Hey Baby!

Starting a new blog is hard. I have lots of ideas and topics that I would like to talk about but I think maybe I’ll just start at the beginning. One day I peed on a stick…

12 week scan where tiny spawn is all healthy and lovely.

I have always wanted to be a mum, since I was a little kid, it was just one of those things that I knew I wanted, its not the same for everyone else, I know that, and by the way, it is totally okay to know the exact opposite too, people need to get off that whole ‘you’ll change your mind’ bull crap, but I couldn’t imagine not being someones mum, one day. That day happened on the 17th January 2015… my period was a few days late, my boobs were really sore, which was new… and more suspiciously… I really didn’t fancy a glass of wine. IMAGINE THAT. Yeah, something was different, the difference was that a tiny human had started growing in my uterus. Thanks to ClearBlue, it turns out I actually became pregnant sometime around my work christmas party and the start of the booziest 4 weeks of the year. whoops.
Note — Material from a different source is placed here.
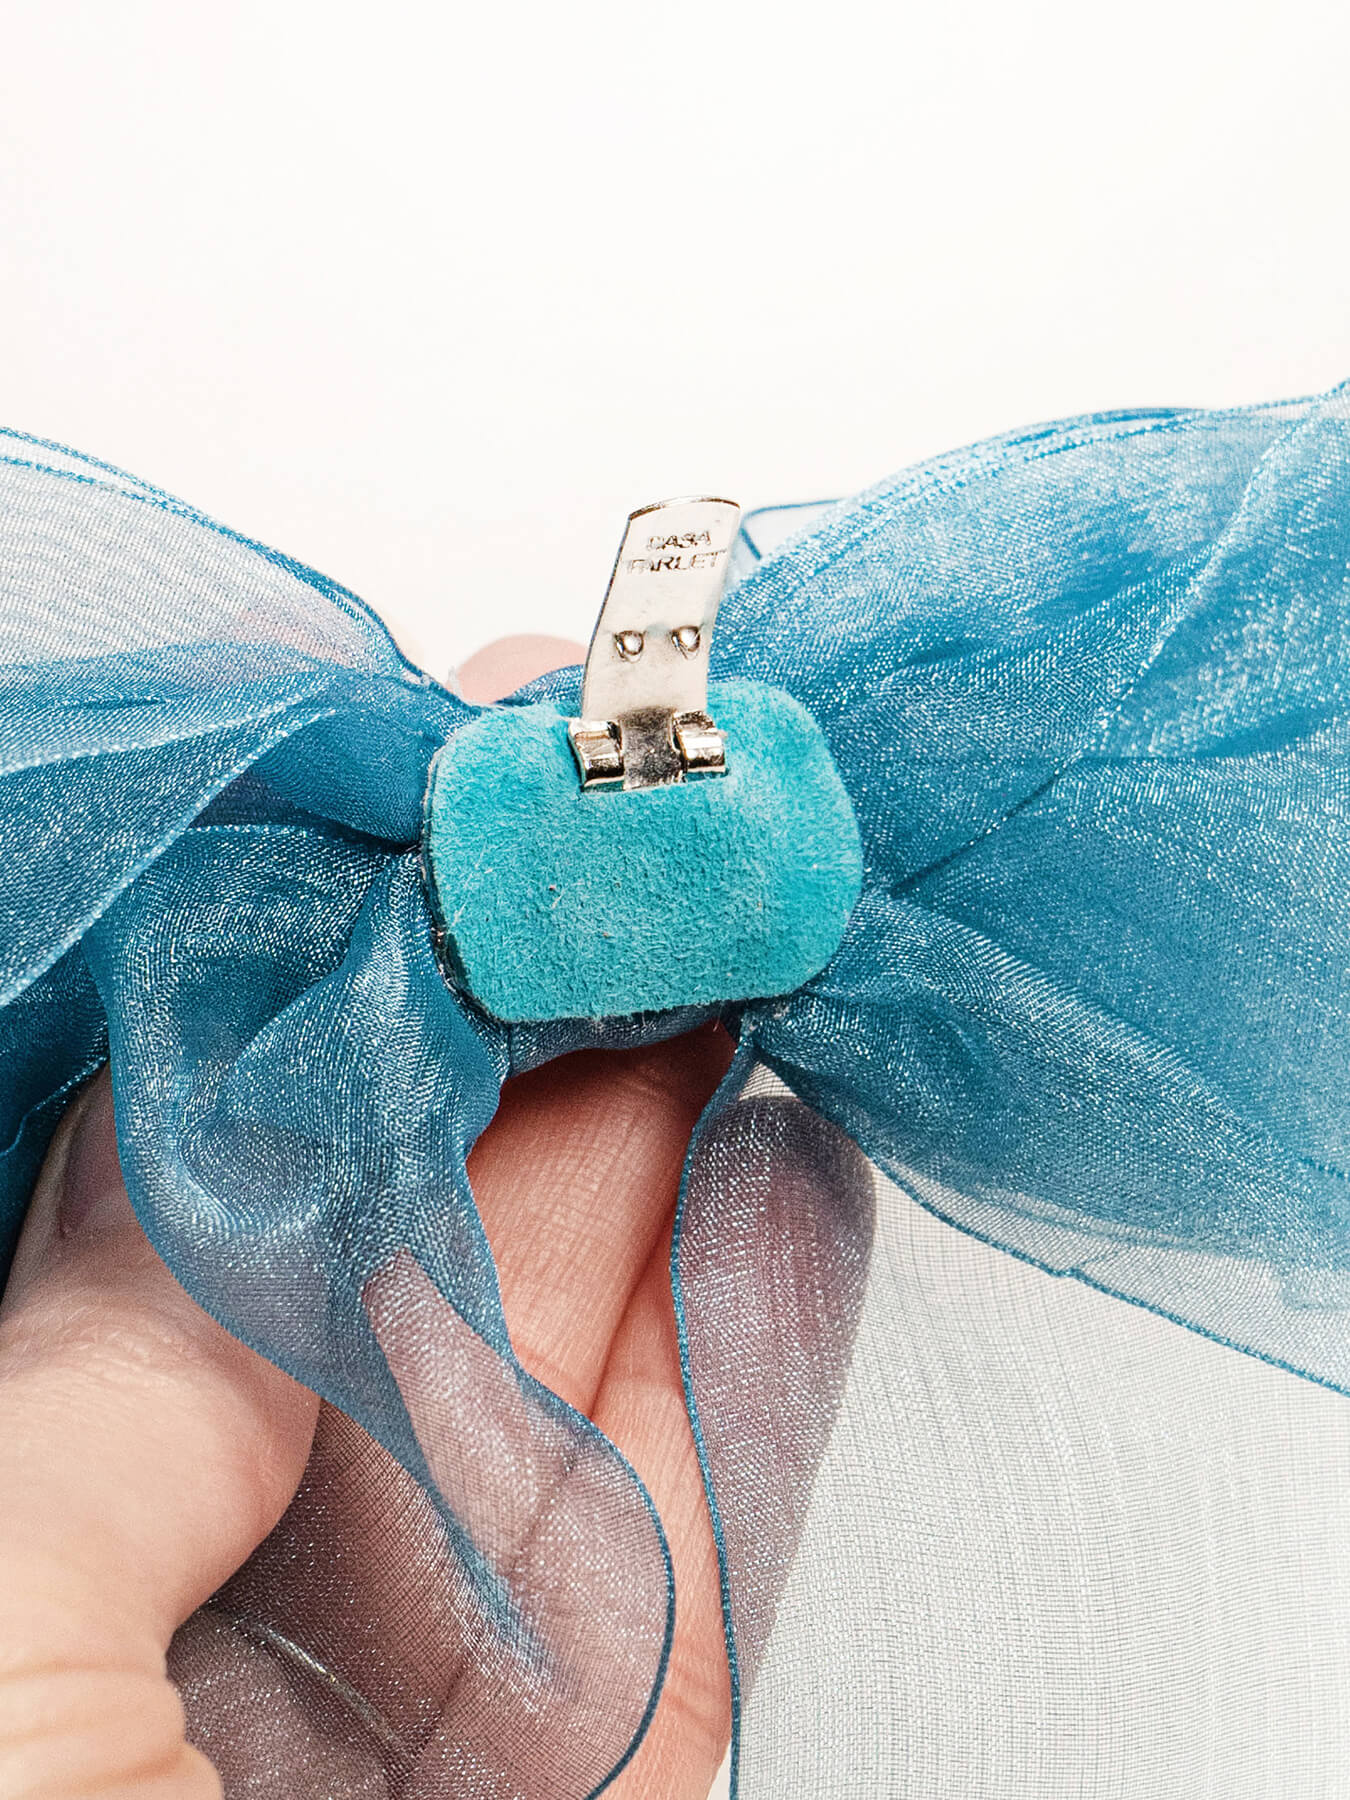 Turquoise Blue Organza Bow
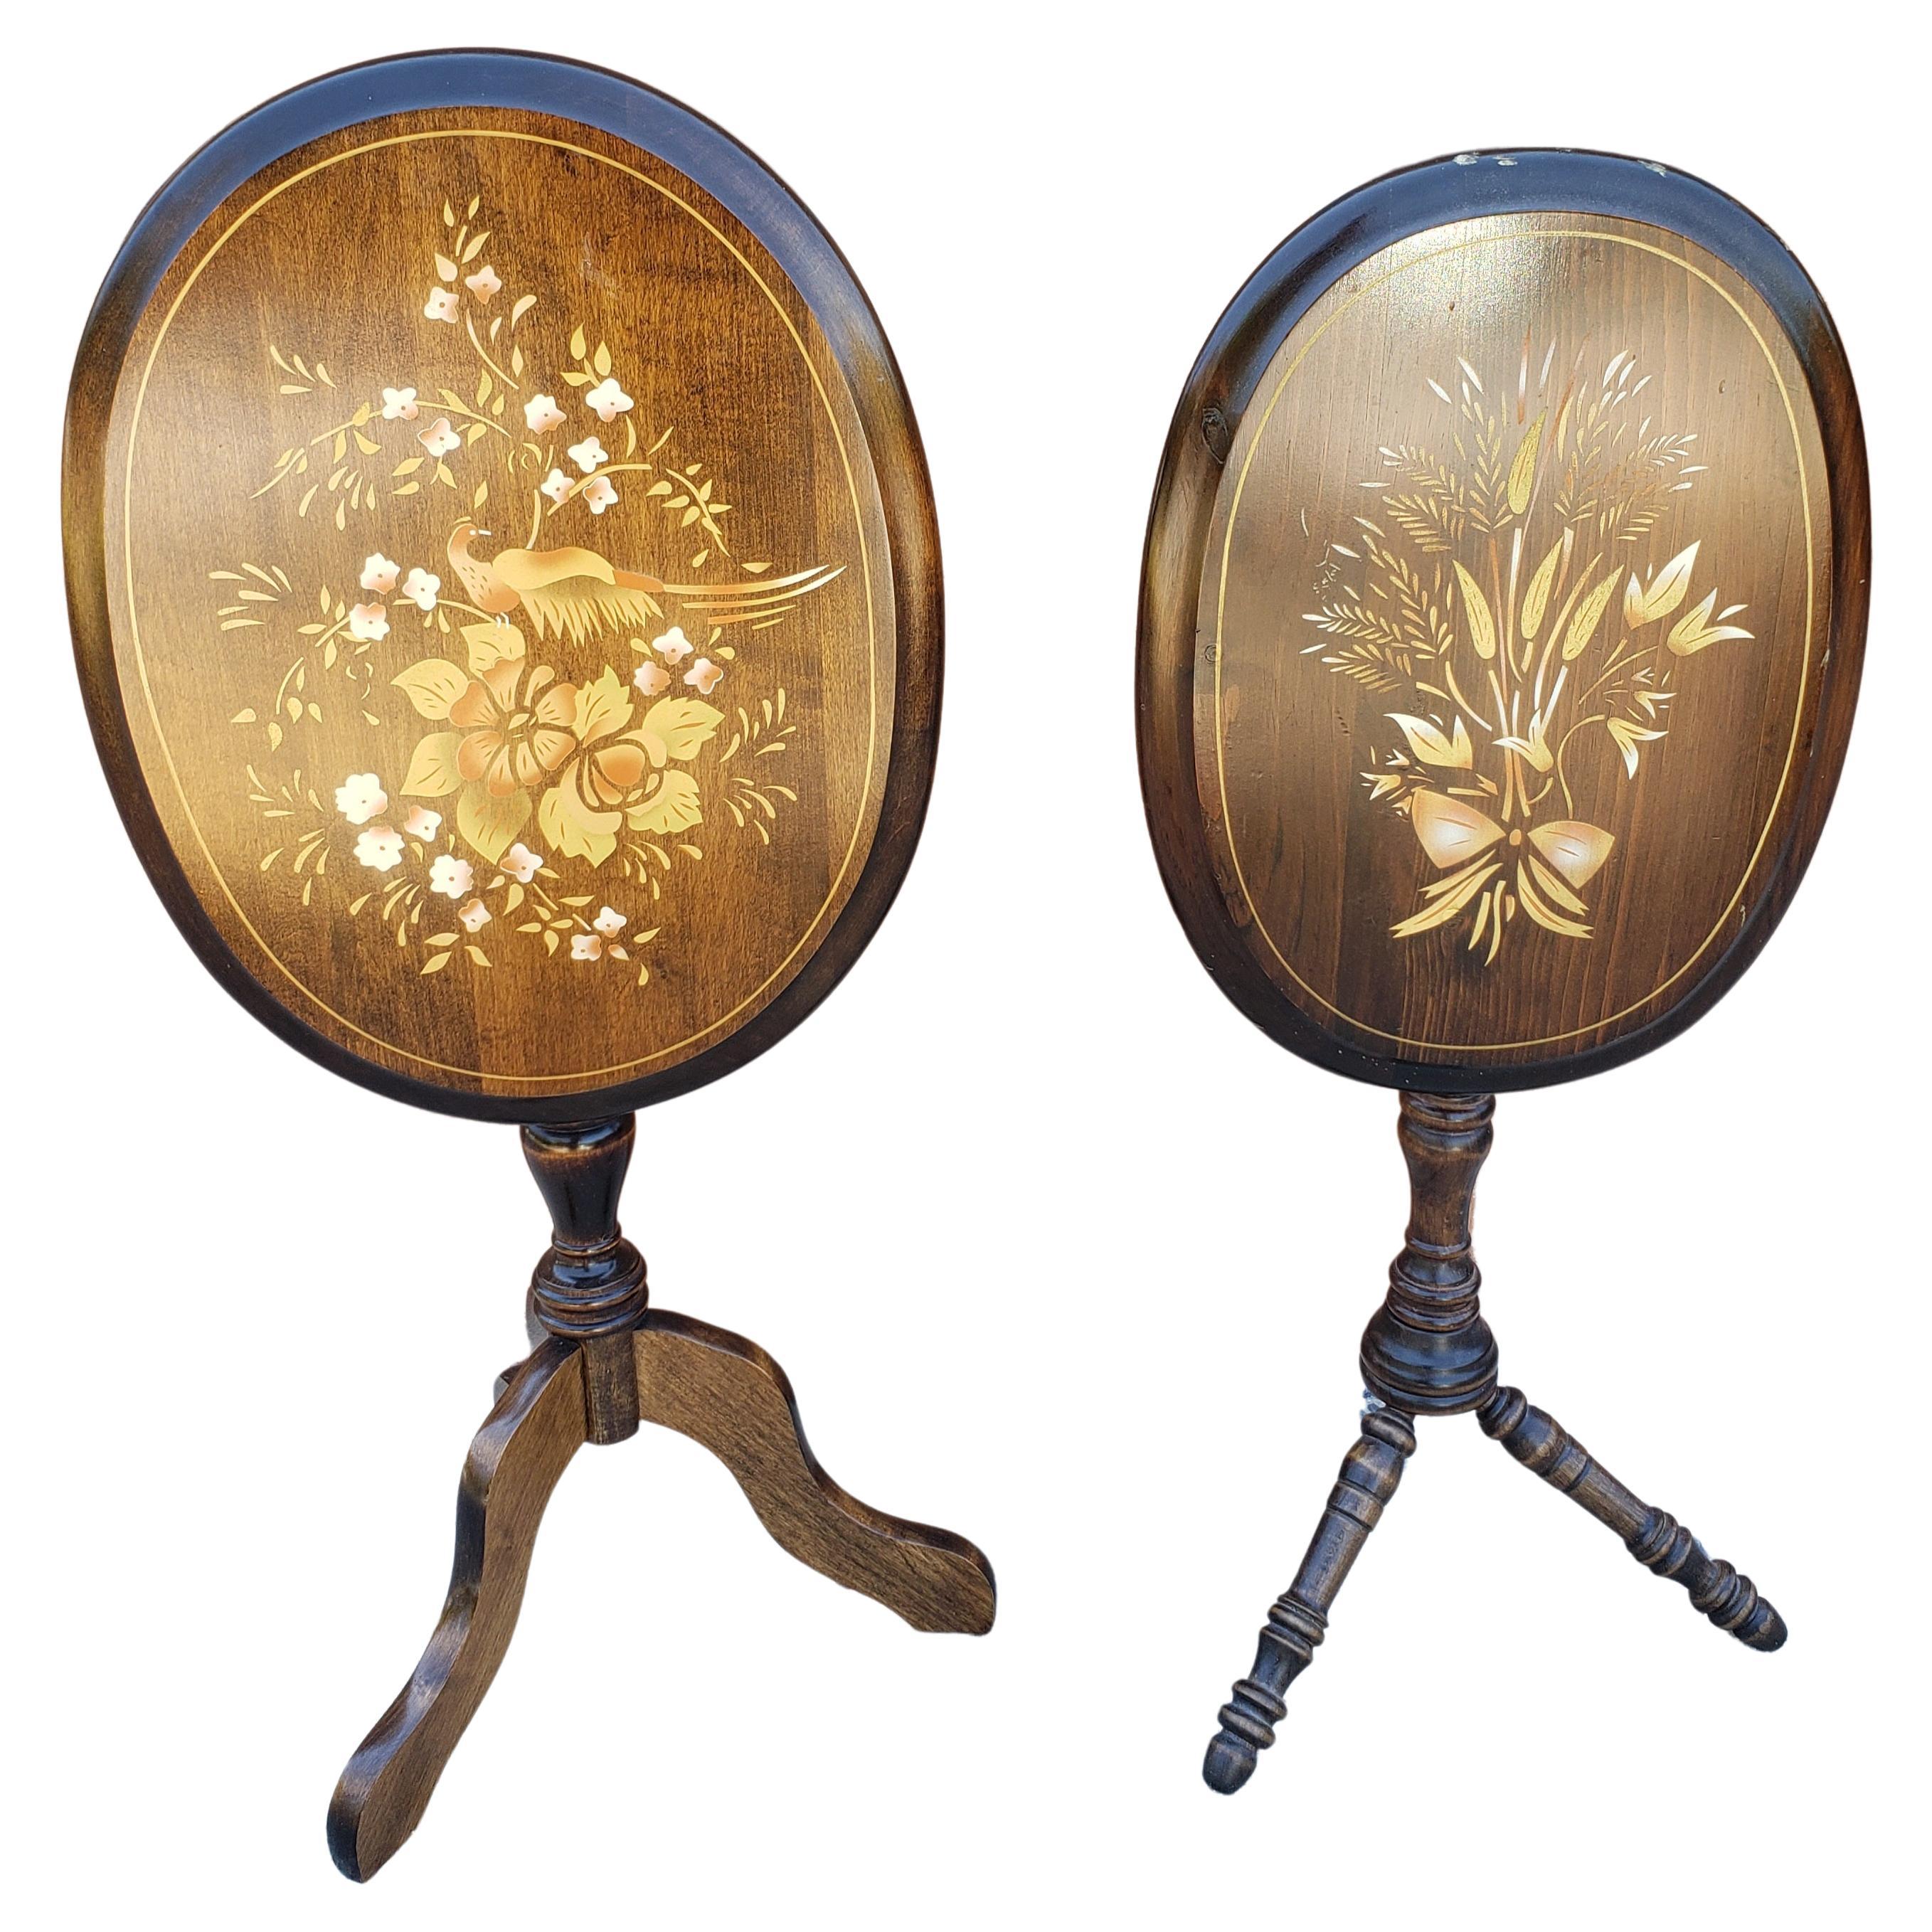 Pair of Stencil Decorated Tilt-Top Candle Stands For Sale

So… heading downstairs to tell Tom, who may as well have been Ghandi, he was calm as a cucumber (although he did have the flu so it’s quite possible he thought this was some kind of hallucination), I was the one that was freaking out. As mentioned, I had always wanted to be a mama, always, never a doubt in my mind, so why was I freaking out, I was 32, in a long term relationship with someone that I knew would be an amazing dad, we had talked about having kids, so why? I still don’t know, I was terrified and excited at the same time, I felt guilty for getting pregnant so easily, I was scared to tell my mum, but wanted to tell her so badly. I was worried about what people would think and I was scared I’d be a terrible mother. That I was already a terrible mother given the aforementioned four weeks of Boozemas, New Booze Eve and Booze Day. All this lasted about 3 hours, by that evening, unable to tell anyone my news and a sick boyfriend at home, I left the house to meet up with friends feeling a mixture of disbelief and excitement, this was it, I was going to be somebody’s mum, I got this.